Required action »
Transcribe the entries that follow, every word as written, and drop the pictures.

Given data »
::::
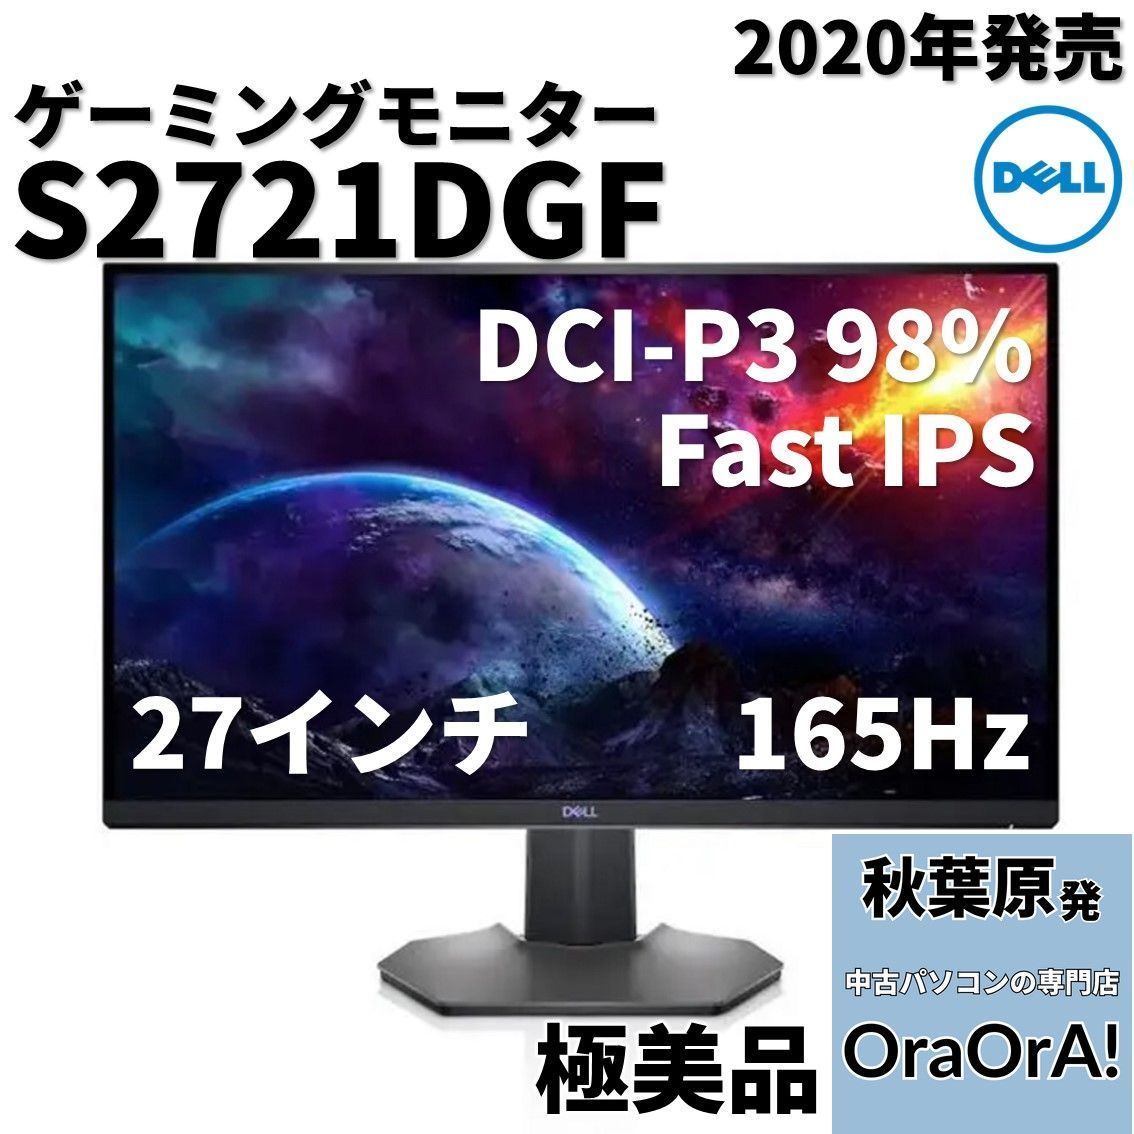 【Dell】S2721DGF 27インチゲーミングモニター
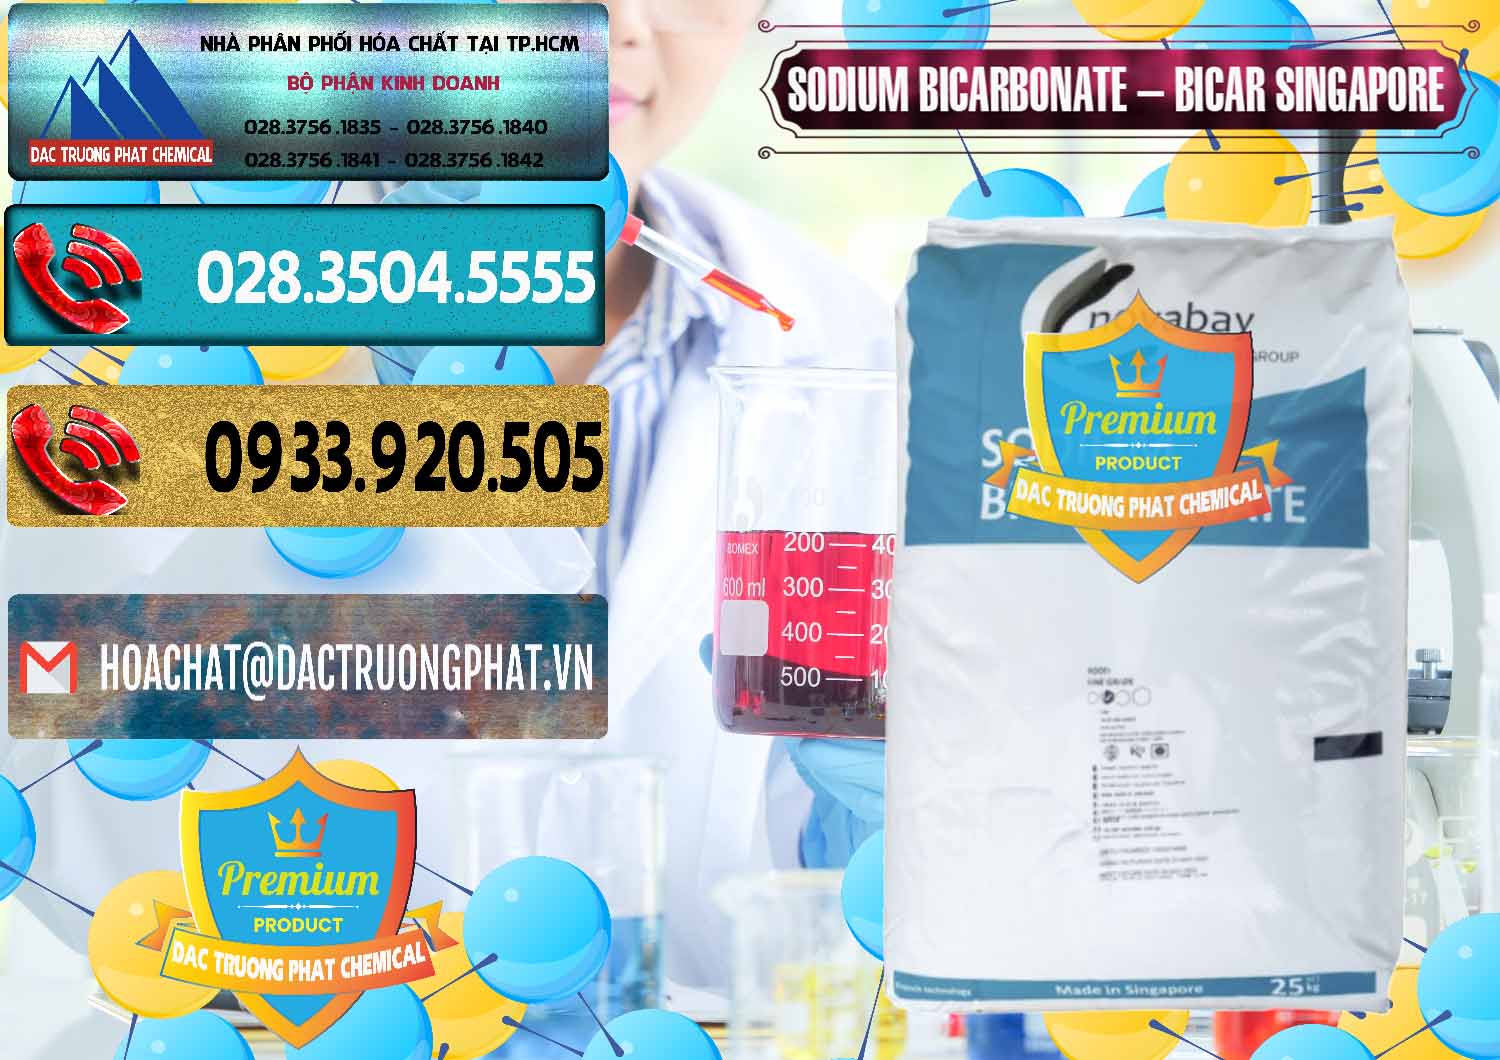 Nơi chuyên bán - cung cấp Sodium Bicarbonate – Bicar NaHCO3 Singapore - 0411 - Nơi phân phối ( cung cấp ) hóa chất tại TP.HCM - hoachatdetnhuom.com
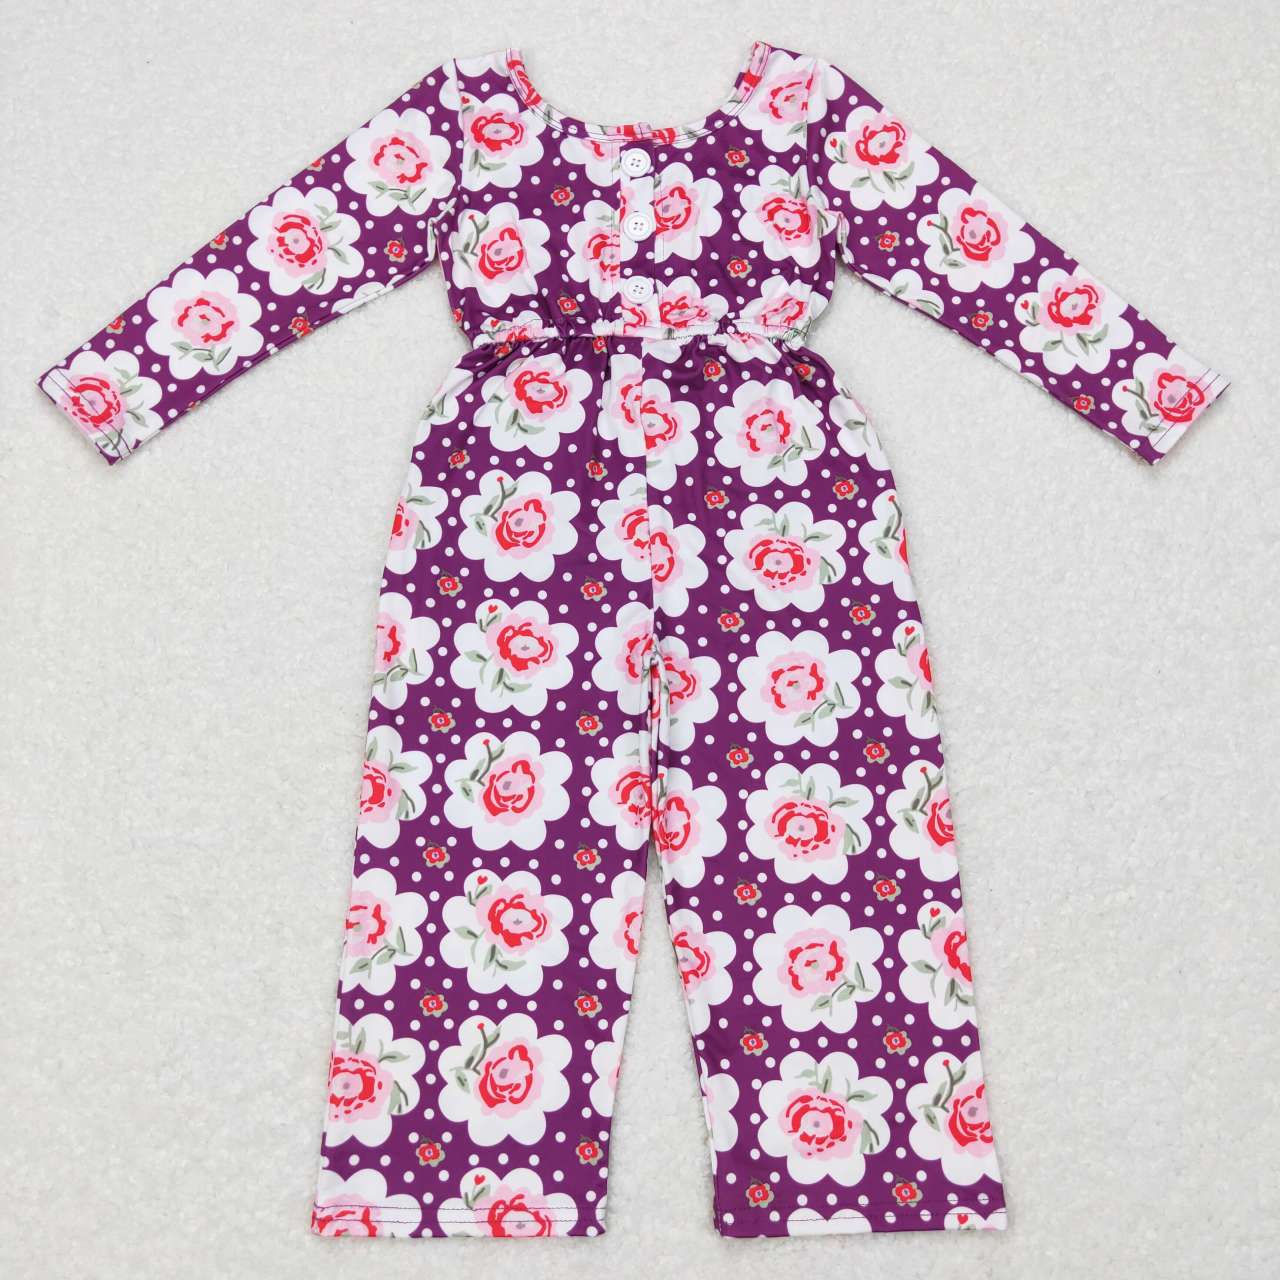 LR0716 Floral polka dot purple long-sleeved jumpsuit
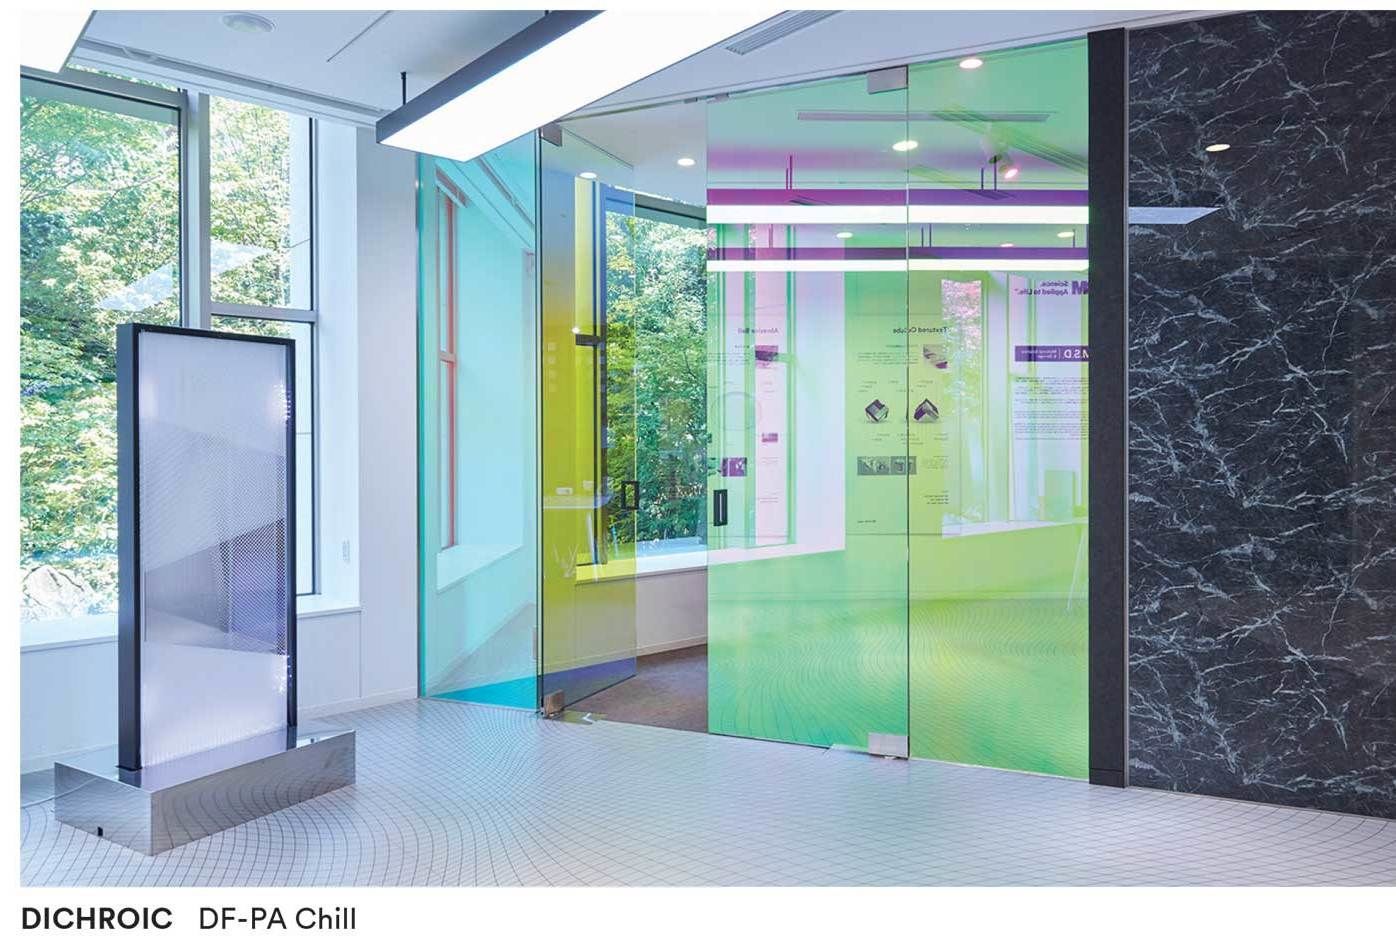 วัสดุตกแต่งกระจก DICHROIC ของ 3M™ เป็นวิธีการที่โดดเด่น ในการเปลี่ยนแปลงสีสันกับพื้นผิวกระจกหลายชนิดภายในอาคาร
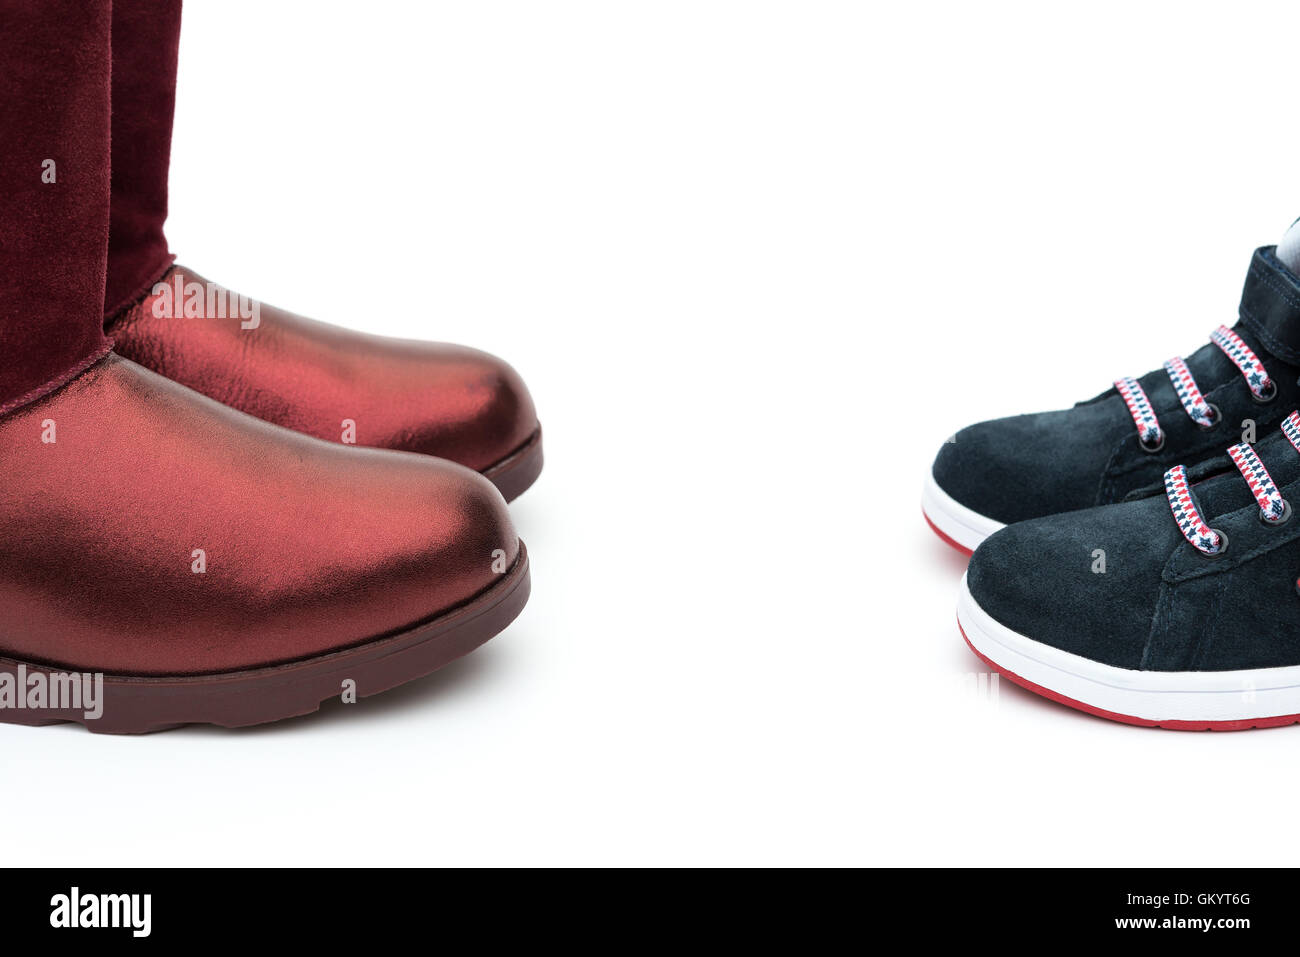 schwarze Schuhe für Sohn und roten für Mama auf weiß als Abstammung Konzept Stockfoto
::::
Exercise output »
 【Dell】S2721DGF 27インチゲーミングモニター
 Nơi chuyên bán - cung cấp Sodium Bicarbonate – Bicar NaHCO3 Singapore - 0411 - Nơi phân phối ( cung cấp ) hóa chất tại TP.HCM - hoachatdetnhuom.com
 LR0716 Floral polka dot purple long-sleeved jumpsuit
 วัสดุตกแต่งกระจก DICHROIC ของ 3M™ เป็นวิธีการที่โดดเด่น ในการเปลี่ยนแปลงสีสันกับพื้นผิวกระจกหลายชนิดภายในอาคาร
 schwarze Schuhe für Sohn und roten für Mama auf weiß als Abstammung Konzept Stockfoto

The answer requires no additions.